**DATA SUPPLIED:**
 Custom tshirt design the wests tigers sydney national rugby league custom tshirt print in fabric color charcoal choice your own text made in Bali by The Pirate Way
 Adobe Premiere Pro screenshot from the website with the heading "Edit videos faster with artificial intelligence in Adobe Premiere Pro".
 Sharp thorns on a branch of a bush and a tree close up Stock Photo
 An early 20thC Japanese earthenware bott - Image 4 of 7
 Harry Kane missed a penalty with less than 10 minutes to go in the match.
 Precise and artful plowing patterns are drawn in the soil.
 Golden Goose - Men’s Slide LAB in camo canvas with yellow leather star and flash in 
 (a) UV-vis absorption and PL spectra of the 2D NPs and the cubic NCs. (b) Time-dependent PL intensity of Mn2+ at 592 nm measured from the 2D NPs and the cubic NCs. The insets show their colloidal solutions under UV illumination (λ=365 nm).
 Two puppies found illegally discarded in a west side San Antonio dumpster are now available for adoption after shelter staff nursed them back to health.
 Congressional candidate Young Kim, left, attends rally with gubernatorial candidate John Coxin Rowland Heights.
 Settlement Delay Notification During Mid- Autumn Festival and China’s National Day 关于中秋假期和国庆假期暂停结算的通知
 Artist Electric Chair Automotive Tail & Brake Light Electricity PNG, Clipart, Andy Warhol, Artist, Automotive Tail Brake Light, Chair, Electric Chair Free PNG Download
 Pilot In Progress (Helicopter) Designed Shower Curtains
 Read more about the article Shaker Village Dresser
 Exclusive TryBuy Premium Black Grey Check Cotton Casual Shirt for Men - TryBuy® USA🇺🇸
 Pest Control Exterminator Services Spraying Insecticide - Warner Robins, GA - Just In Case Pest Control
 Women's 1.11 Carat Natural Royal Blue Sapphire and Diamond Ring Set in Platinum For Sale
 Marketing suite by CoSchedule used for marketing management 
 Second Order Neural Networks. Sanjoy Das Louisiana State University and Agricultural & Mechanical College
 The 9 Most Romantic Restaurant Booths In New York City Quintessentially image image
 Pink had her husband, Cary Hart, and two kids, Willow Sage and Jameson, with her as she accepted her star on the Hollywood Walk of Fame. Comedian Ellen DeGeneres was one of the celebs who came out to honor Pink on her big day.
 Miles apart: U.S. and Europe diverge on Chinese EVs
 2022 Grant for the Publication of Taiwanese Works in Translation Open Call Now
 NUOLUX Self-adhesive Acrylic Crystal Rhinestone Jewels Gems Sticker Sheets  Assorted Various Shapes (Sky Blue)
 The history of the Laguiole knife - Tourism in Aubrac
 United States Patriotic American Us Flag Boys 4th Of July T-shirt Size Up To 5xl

**AIM OF THE EXERCISE:** All lines of the records above that carry the word "Blue" should be listed.

**RESULT FOR THIS TASK:**
 Women's 1.11 Carat Natural Royal Blue Sapphire and Diamond Ring Set in Platinum For Sale
 NUOLUX Self-adhesive Acrylic Crystal Rhinestone Jewels Gems Sticker Sheets  Assorted Various Shapes (Sky Blue)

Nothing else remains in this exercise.